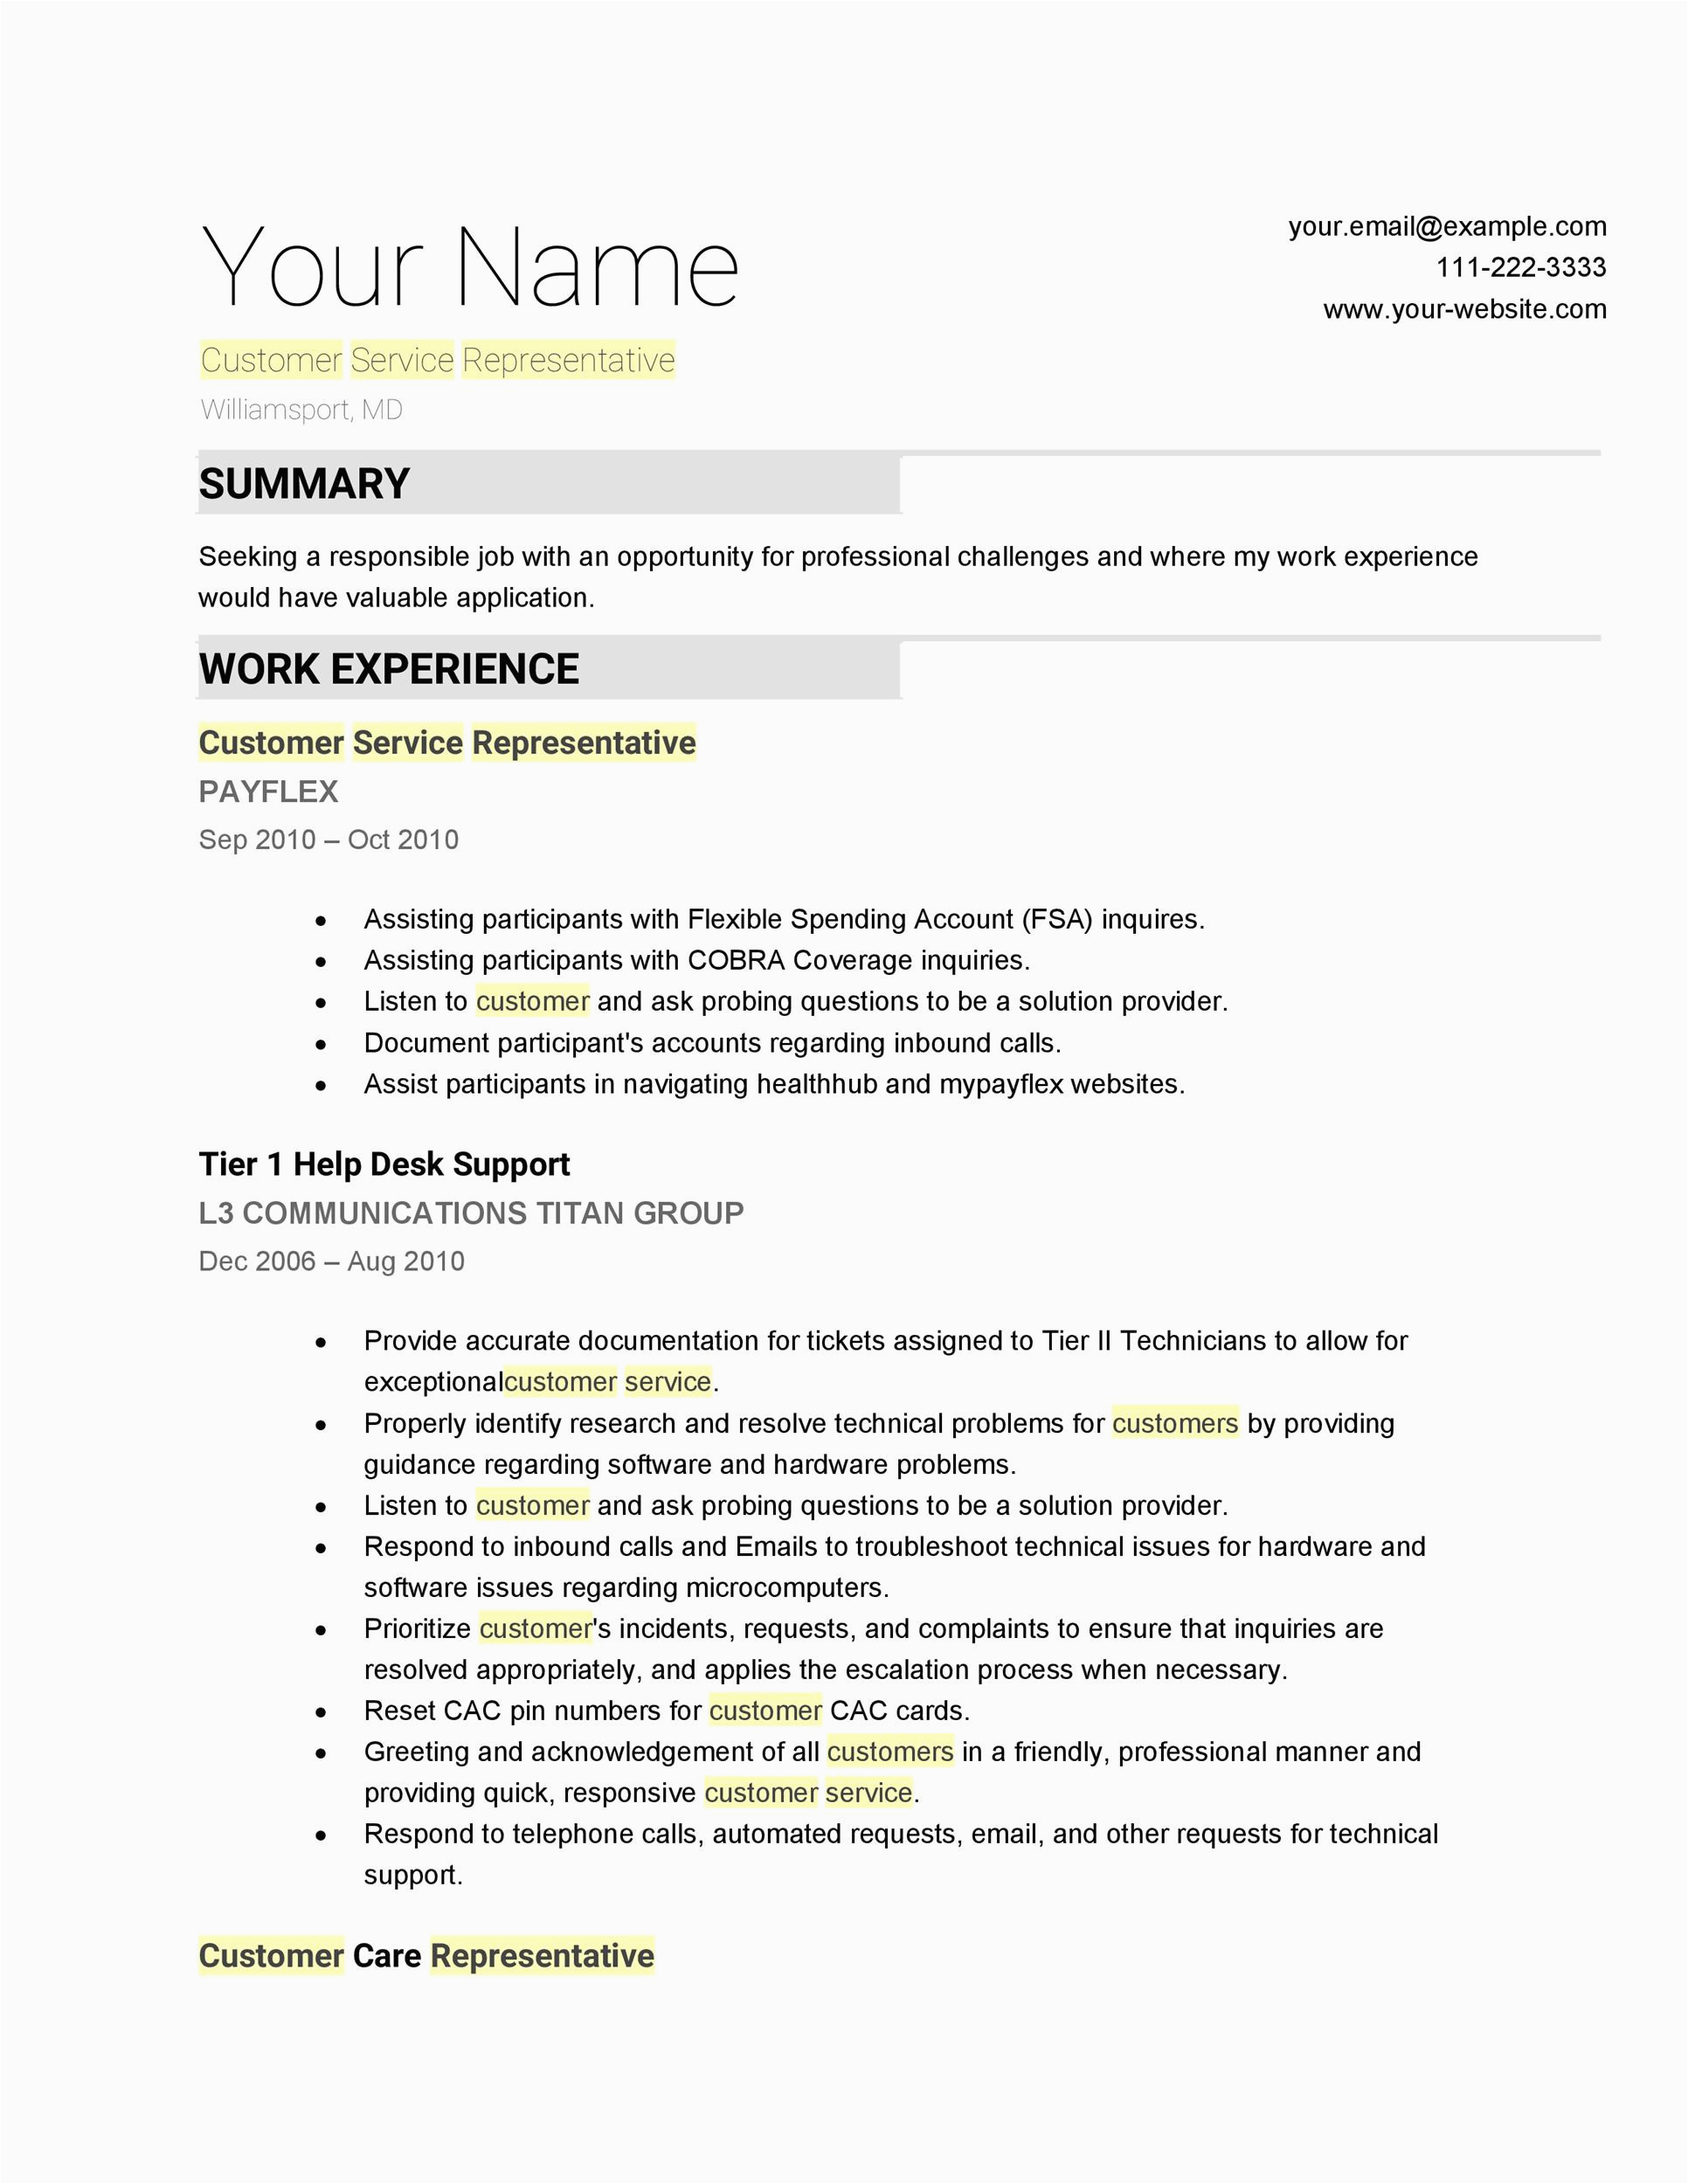 Work Experience Resume Sample Customer Service 30 Customer Service Resume Examples Templatelab
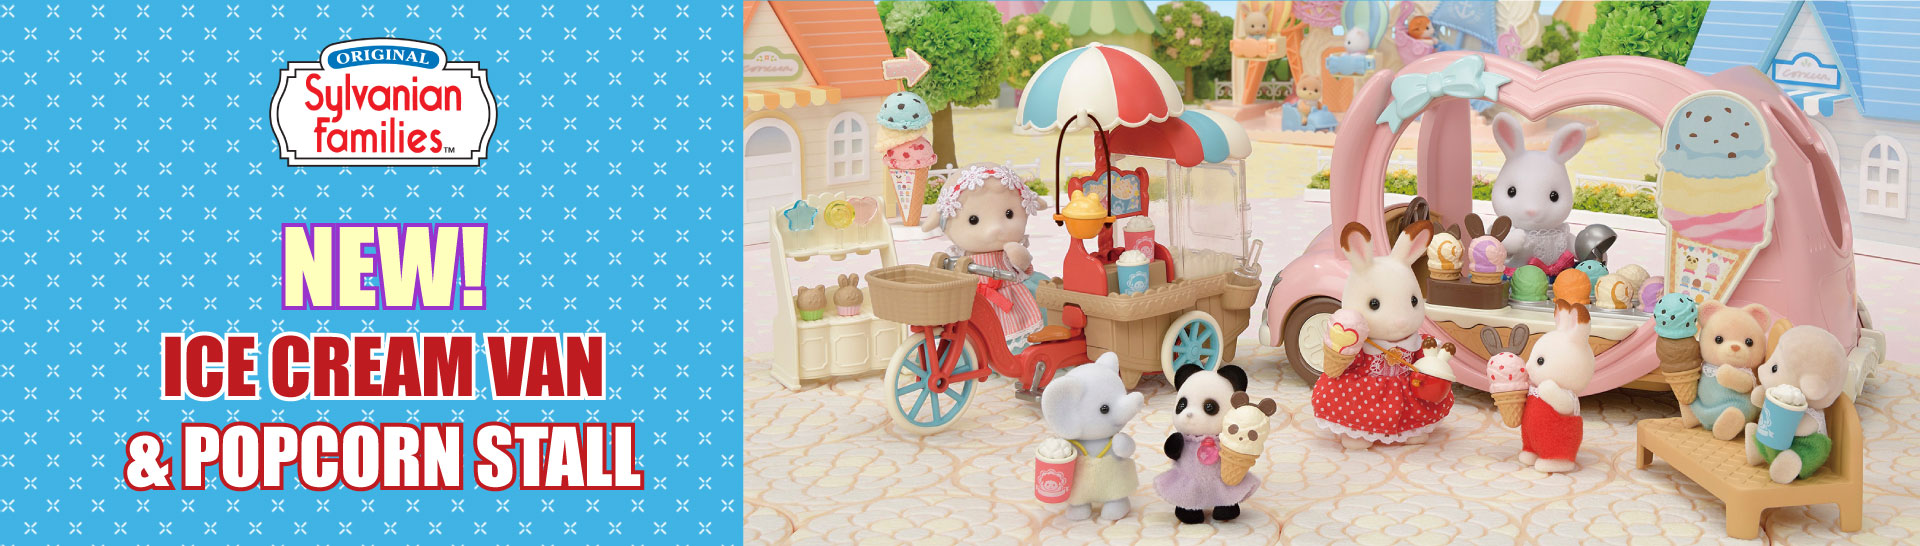 New Ice Cream Van & Popcorn Cart!
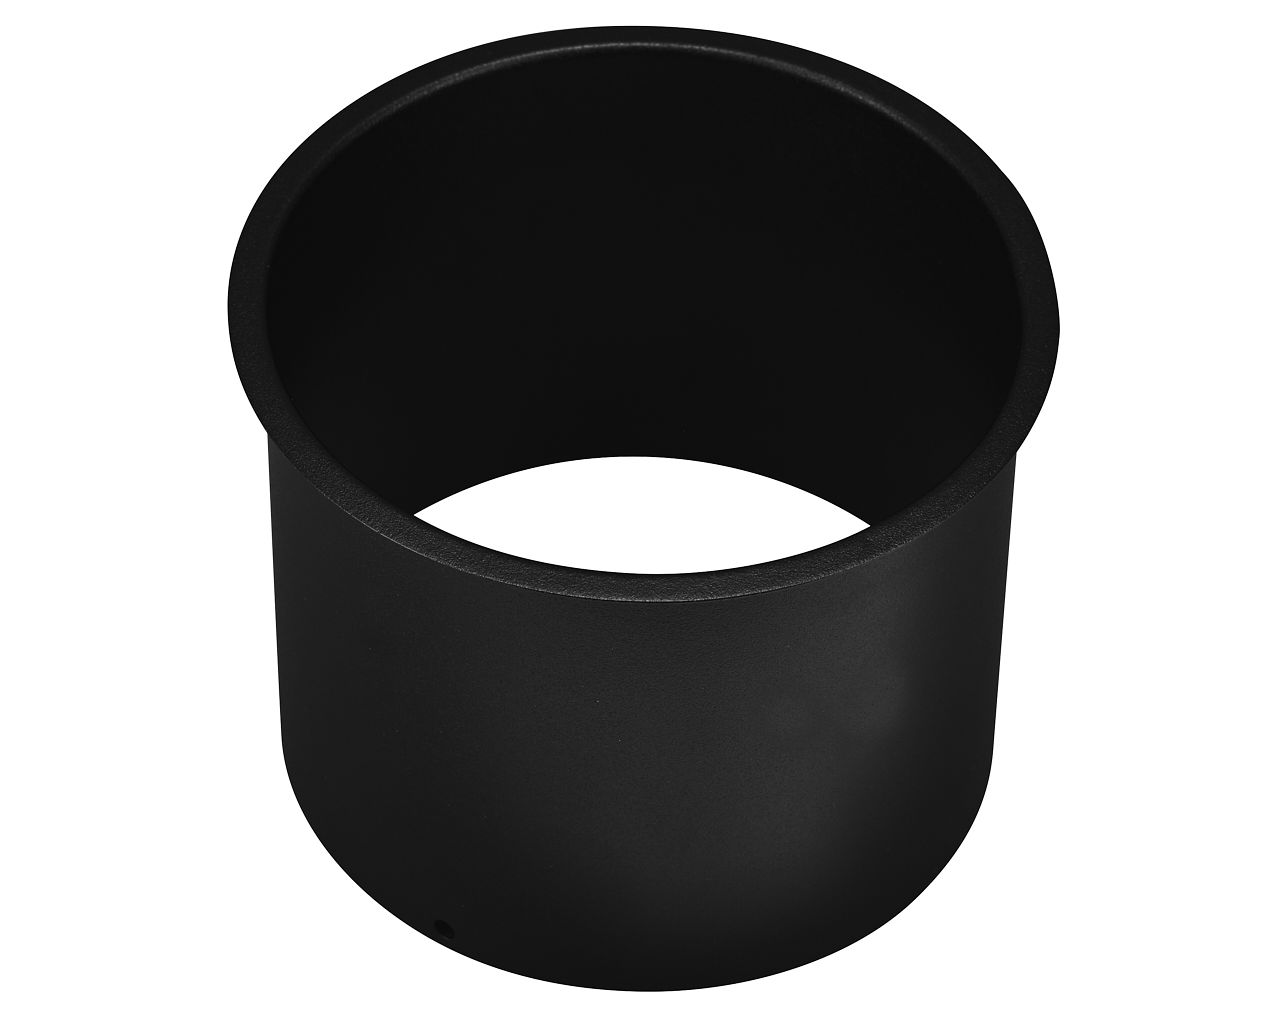 MERIDA STELLA BLACK LINE round countertop ring for a waste bin
====
EXERCISE DETAILS. Exactly the lines from the one containing "New Ice Cream Van & Popcorn Cart!" through the last line of the material above, both included and free of pictures, should make up your answer, please.

FINISHED TASK.
 New Ice Cream Van & Popcorn Cart!
 MERIDA STELLA BLACK LINE round countertop ring for a waste bin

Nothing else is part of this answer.